While you copy the lines below, skip the pictures and keep the rest exact.
Start of DATA EXTRACT
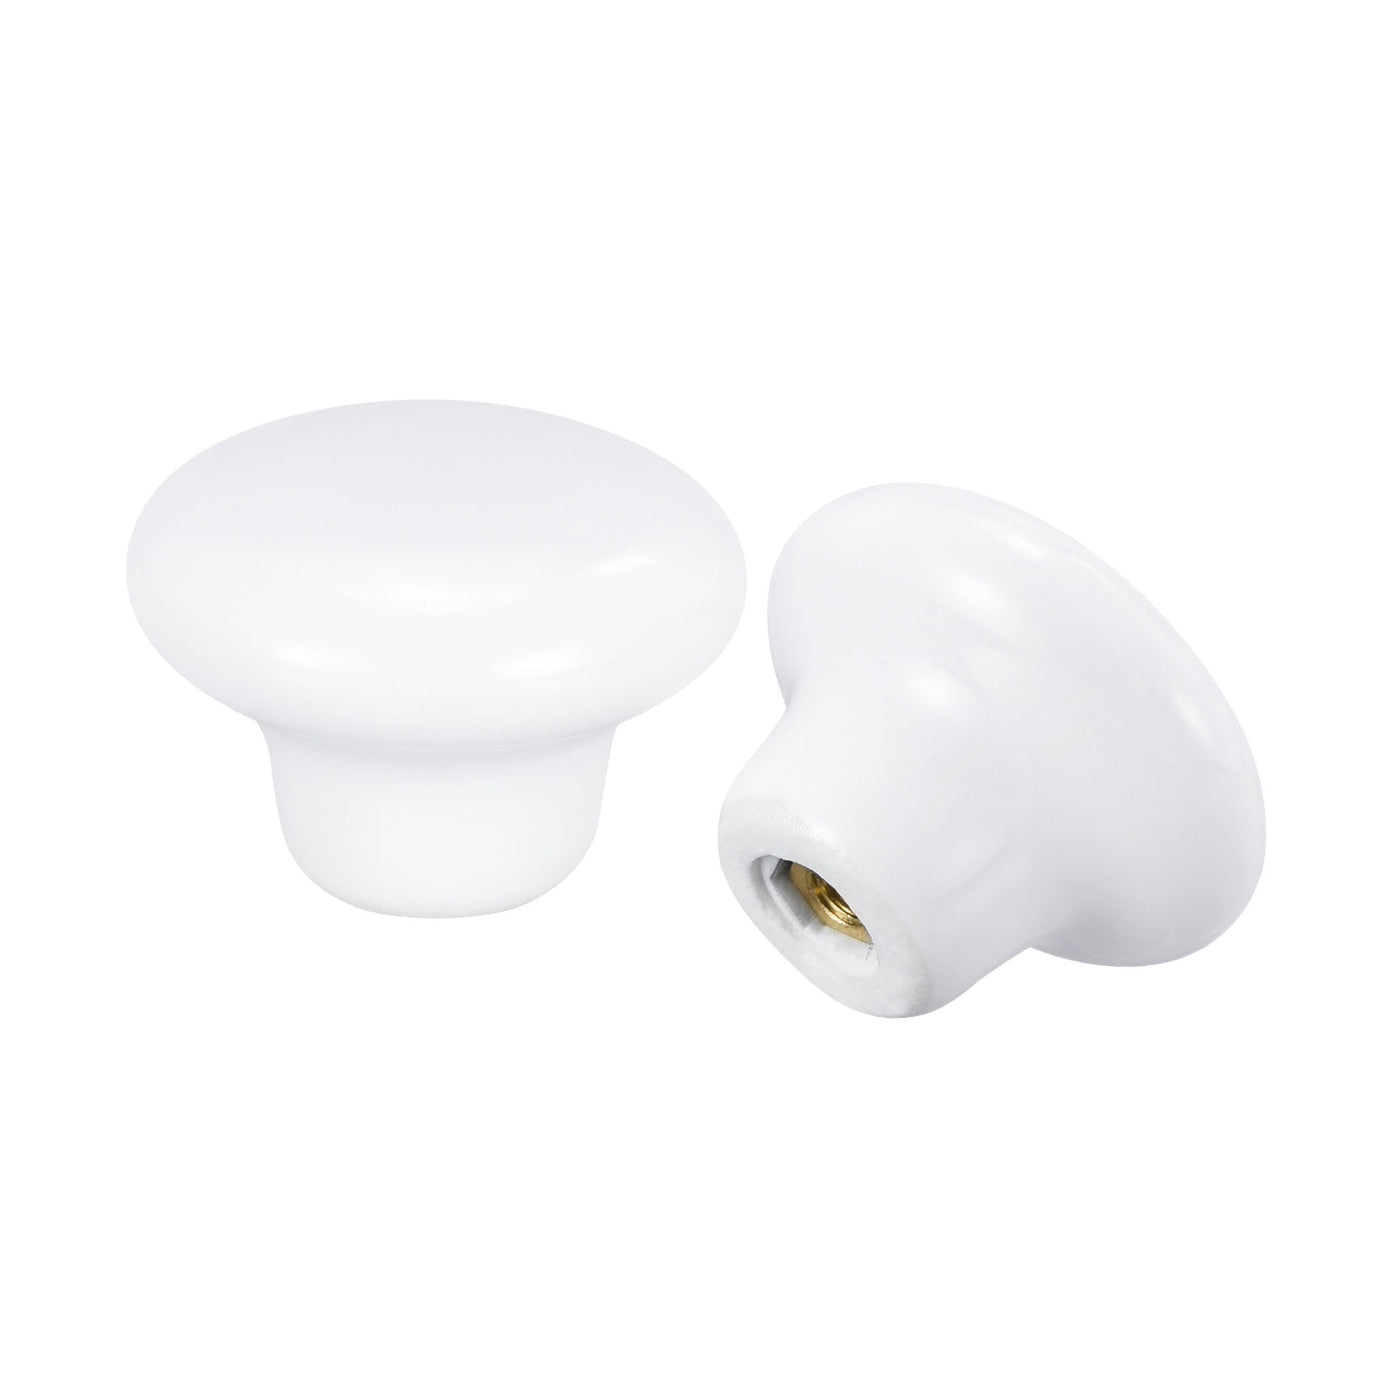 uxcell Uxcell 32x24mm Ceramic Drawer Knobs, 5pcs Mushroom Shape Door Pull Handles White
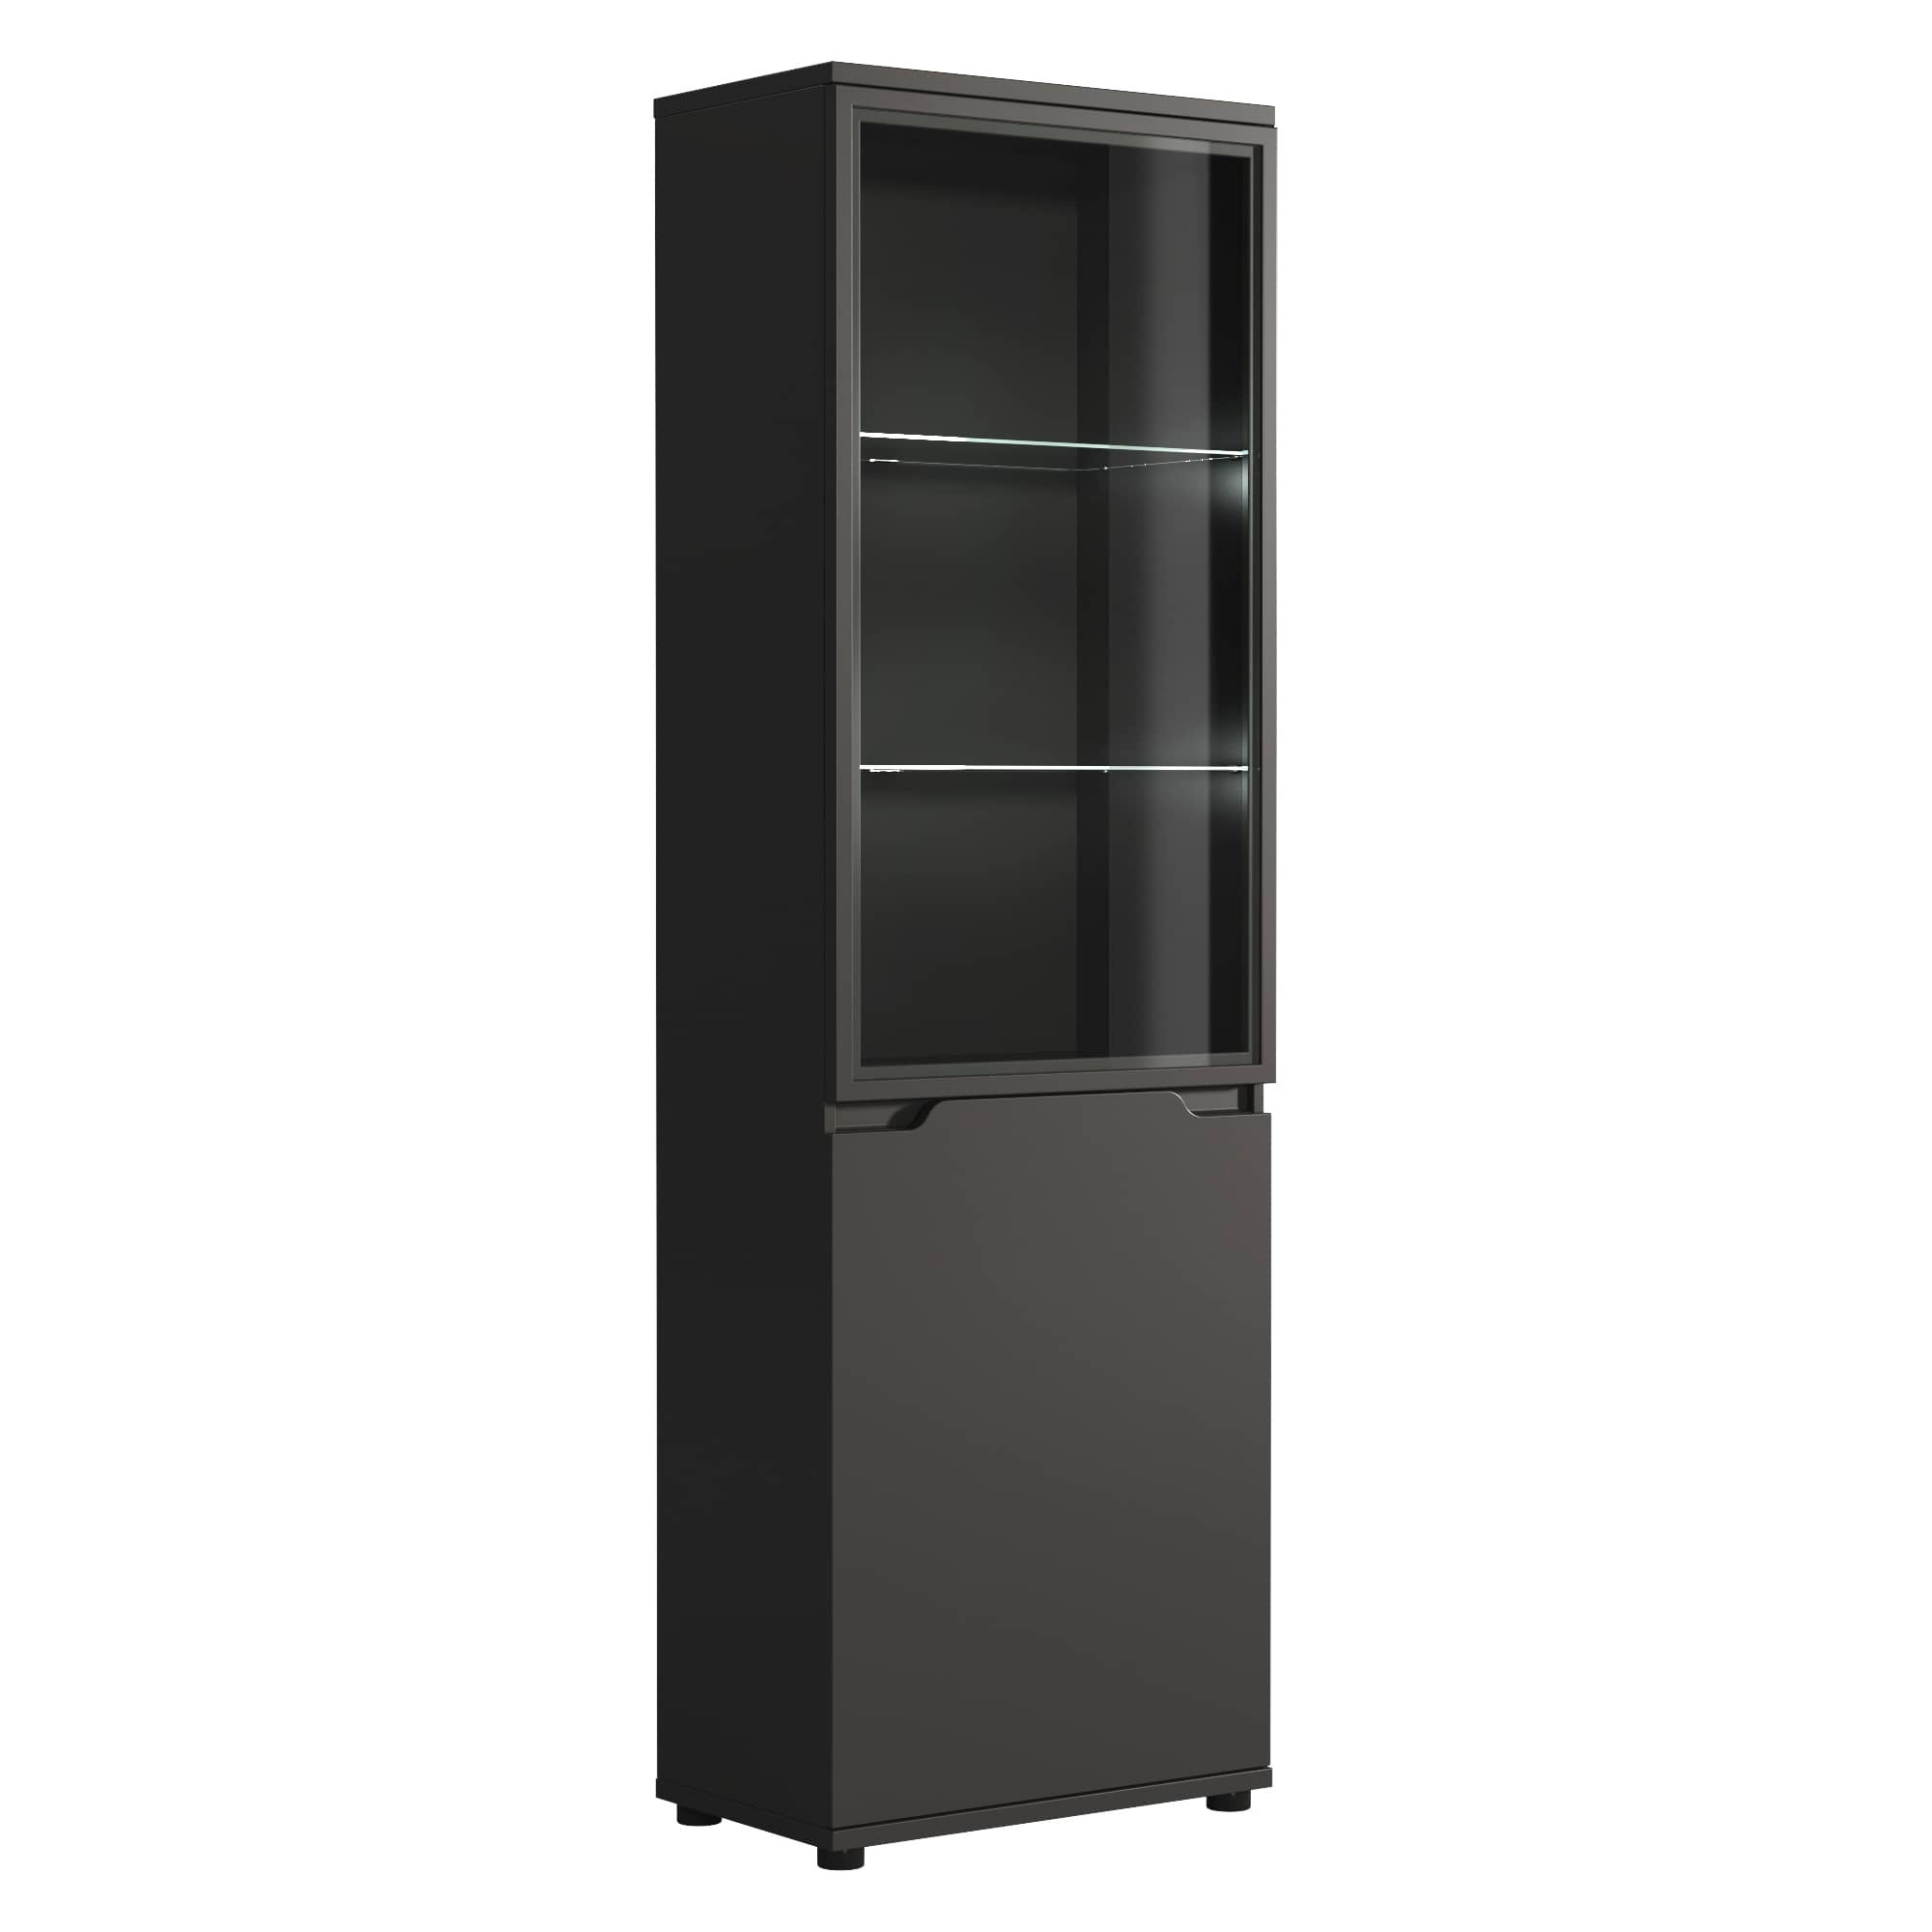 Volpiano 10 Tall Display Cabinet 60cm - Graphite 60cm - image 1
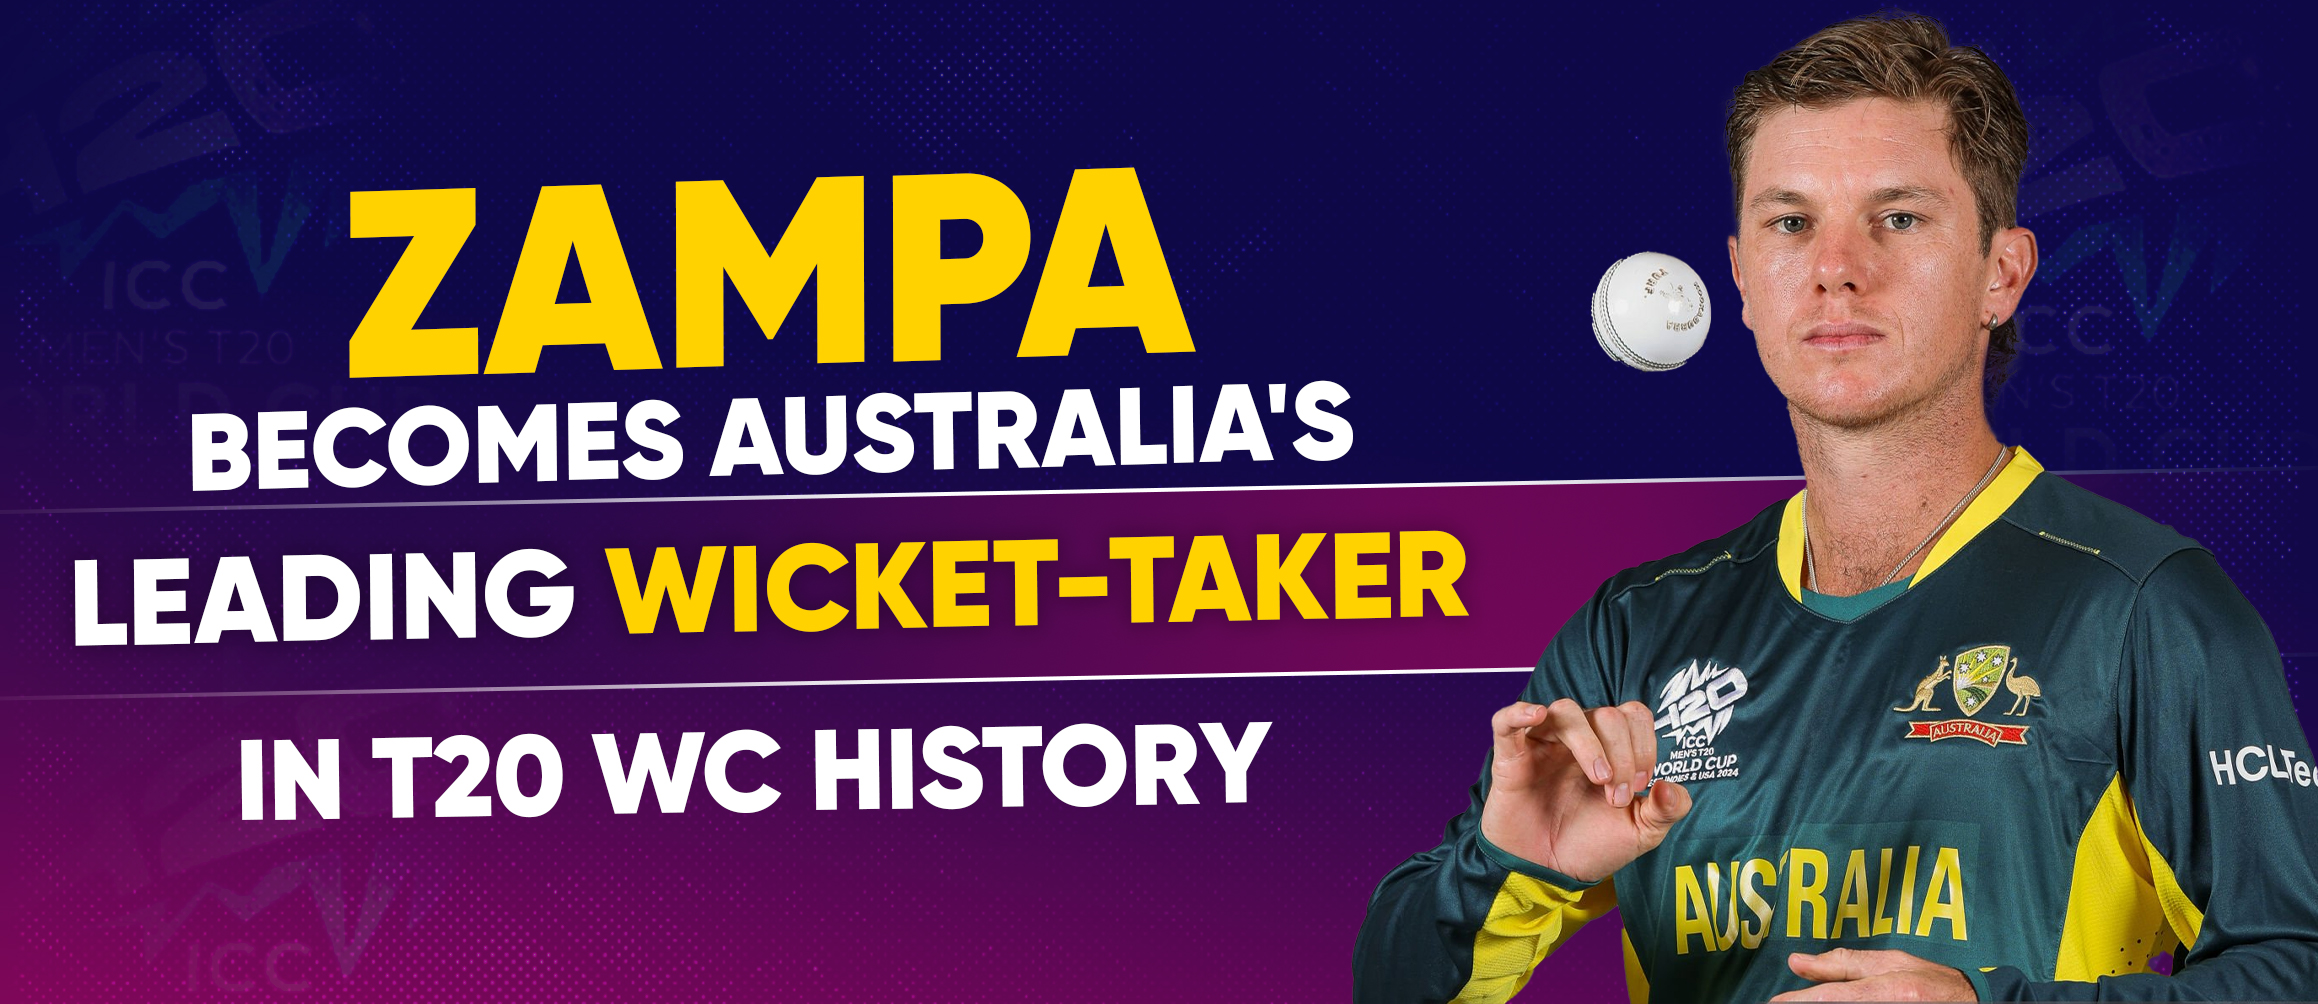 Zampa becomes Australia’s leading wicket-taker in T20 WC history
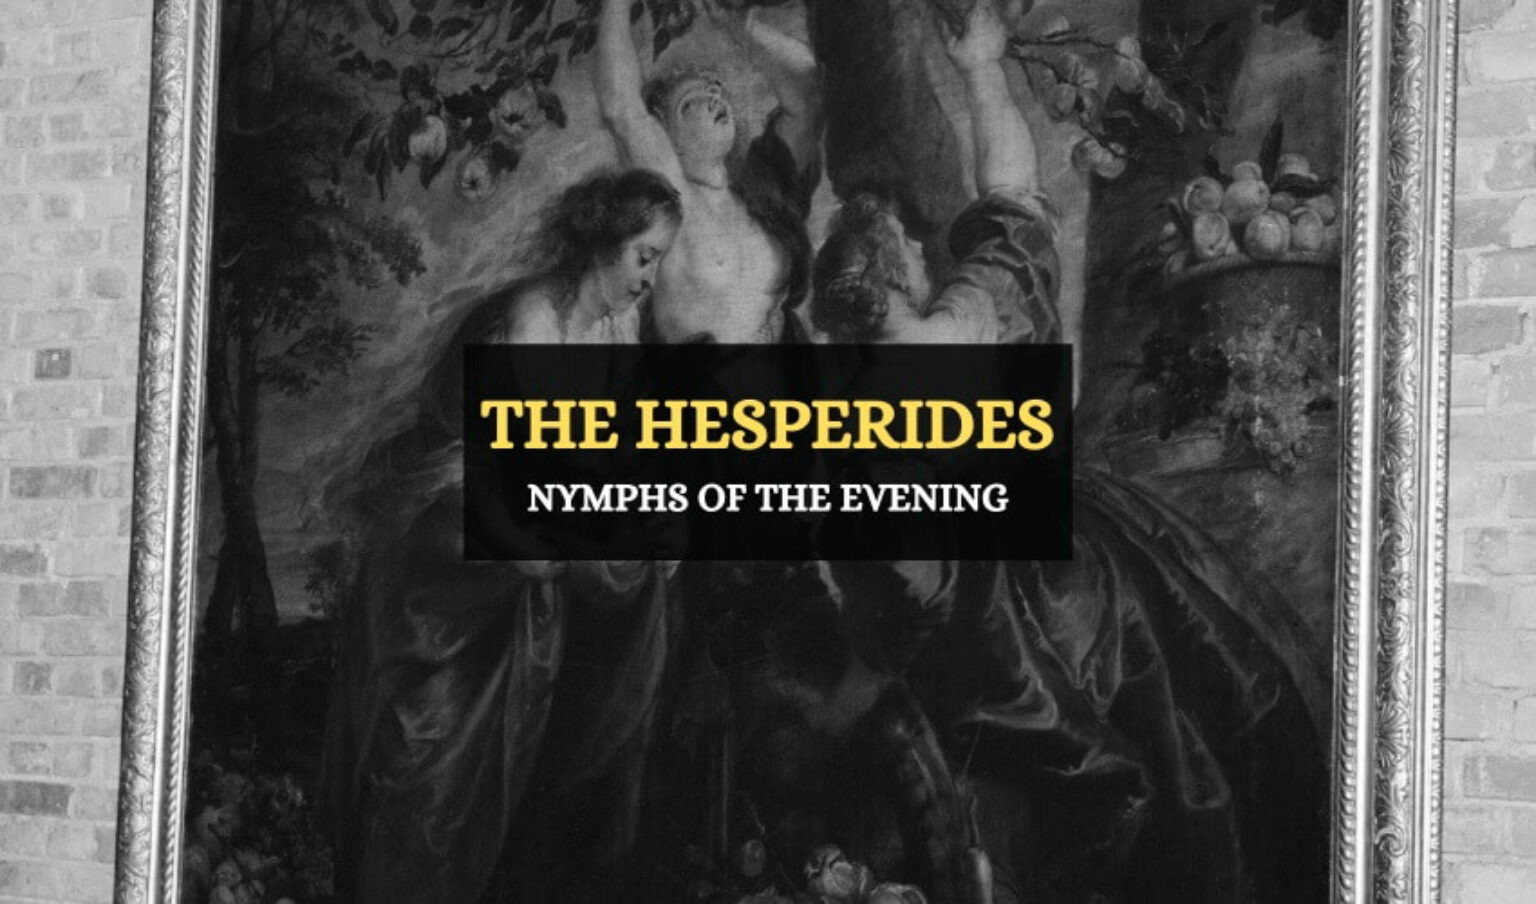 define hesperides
End of DATA EXTRACT
## WRITTEN SOLUTION
 uxcell Uxcell 32x24mm Ceramic Drawer Knobs, 5pcs Mushroom Shape Door Pull Handles White
 Volpiano 10 Tall Display Cabinet 60cm - Graphite 60cm - image 1
 Zampa becomes Australia’s leading wicket-taker in T20 WC history
 define hesperides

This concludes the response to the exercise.